# Savage Fishkill and Scarce Hutch



## Robby Raccoon (Jul 15, 2015)

Name sounds lovely, huh? It's why I picked up the J. Savage bottle.  But, indeed: A very nice J. Savage bottle from Fishkill Village, N. Y. Apparently, "Kill" means "Creak."The town's historian said that it was a drug store operated in the 1890s to early 1900s by James Savage.  Also another decade's (1947) bottle to help further complete my collection of Paul's Drinks (1920s -1950s I have.) (Still needing one made in the 1910s.)  And then a scarce hutch from Kalamazoo, Michigan. Essentially, any Hutch from Kalamazoo is Scarce, Rare, or Unknown Commonality. So if you see one that looks nice and is really cheap..... might be worth picking up to sell. 
	

	
	
		
		

		
			





 Can't stress enough the difference highlighting makes to those who do not highlight. 
	

	
	
		
		

		
		
	


	


Back of Fishkill bottle.

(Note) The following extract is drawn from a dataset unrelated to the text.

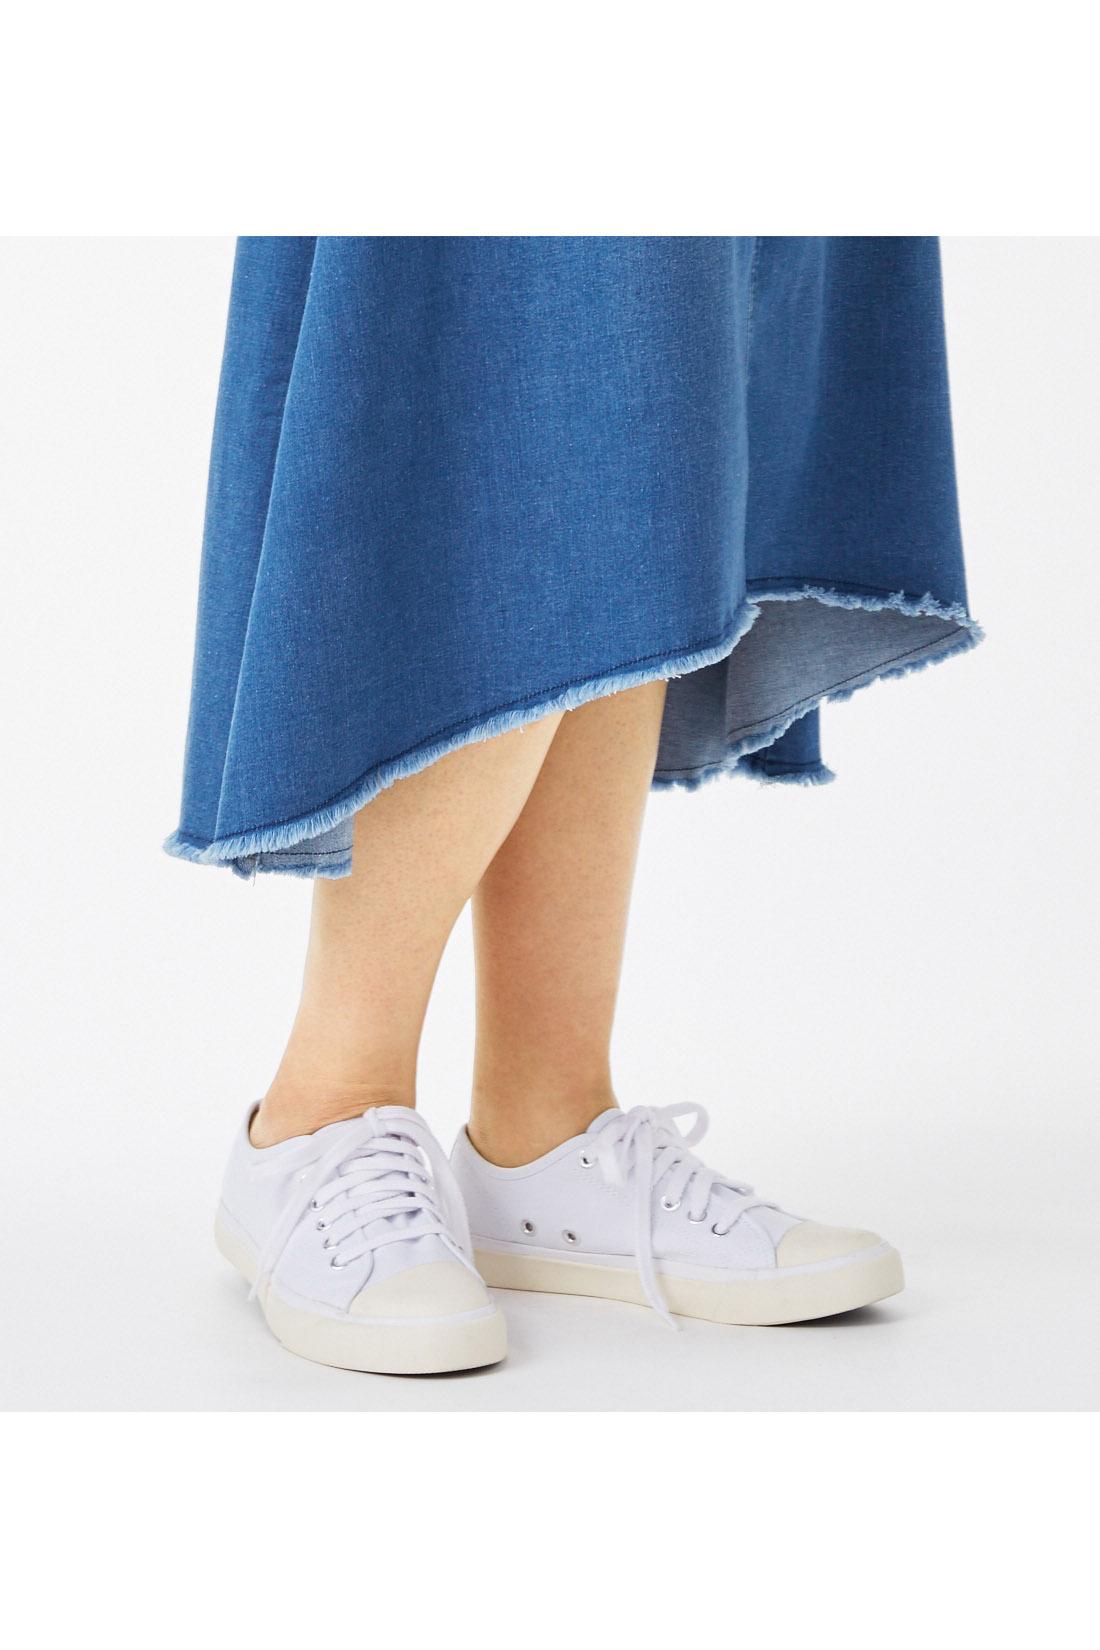 スニーカーにも合うミディー丈フィッシュテール 脚を細く長く見せてくれる今季人気のフィッシュテールはひざ下のミディー丈で大人の女性らしさを強調。カジュアルなスニーカースタイルも上品に決まる。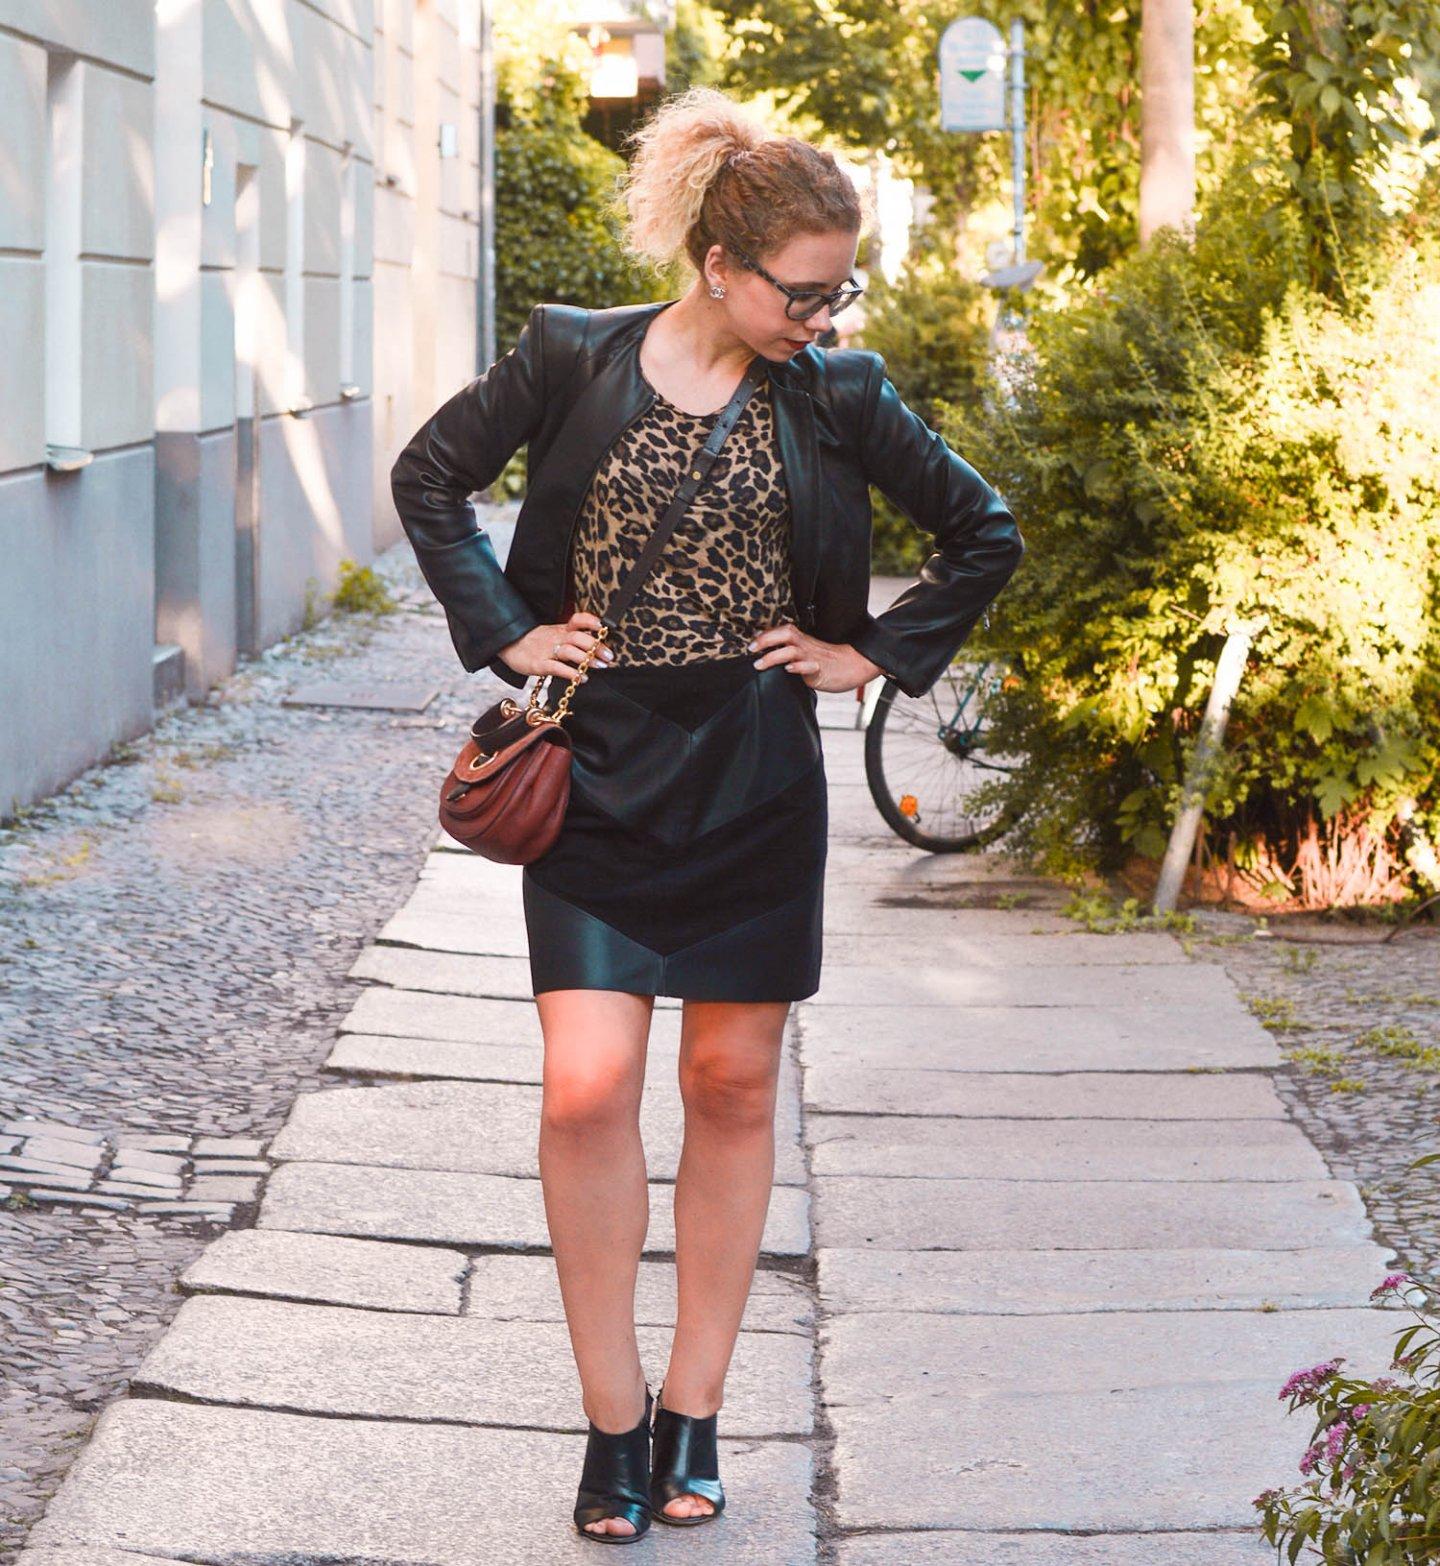 Leomuster und Leder Outfit - Kationette Fashionblog

Base of the Savage bottle. 
	

	
	
		
		

		
		
	


	




PAT MAR 6 1883. The patent info for this stopper didn't match up with the whole design. Bail is completely functional. I know almost nothing on the bottle nonetheless. 
	

	
	
		
		

		
		
	


	


Stopper to City bottling Works Hutch. Bottle is stained but in good condition.  I've had them for awhile now. Just a lot has been going on.


----------



## iggyworf (Jul 16, 2015)

Excellent finds. I love the hutch.


----------



## Robby Raccoon (Jul 16, 2015)

Thanks.  At the Club the Fishkill bottle was pretty popular. Seems that, online, Hutches are more so. Any well-embossed blob in general pleases me. I couldn't find another one of the Savage bottle online. It came off e-Bay.  Hutch and Paul's was in a store.


----------



## RED Matthews (Jul 22, 2015)

Well Bob = O like the one with the wire lpckling cap.  RED M.


----------



## Robby Raccoon (Jul 22, 2015)

Thanks, Red!  The one with the bail is my favorite of the three. It nearly won for "Best Bought" at the Club.


----------



## hemihampton (Jul 22, 2015)

Fishkill reminds me of Bushkill beer. LEON.


----------



## Robby Raccoon (Jul 22, 2015)

Likely the Dutch form of Bush Creek.


----------



## hemihampton (Jul 22, 2015)

Pic of Bushkills from PA. LEON.


----------



## Robby Raccoon (Jul 22, 2015)

How old? If I recall correctly, "Kill" is Dutch for "Creek." I know that it means creek.


----------



## RED Matthews (Jul 24, 2015)

Hi again Robert.  I like that Fishkill bottle.  We are starting to pack for the FL migration.  I have been numbering bottles most of this summer, making description write-ups for my Daughter, when she will have the job of selling them - when I am gone.  Ir has been a great hobby.  My better half thinks my interest is an obsession.   Oh well - women just don't understand men very well.RED M.


----------



## cowseatmaize (Jul 24, 2015)

Tell her "it's less of an obsession than I've had over you all these wonderful years".Well, put it in better words maybe but women like to here stuff like.[]


----------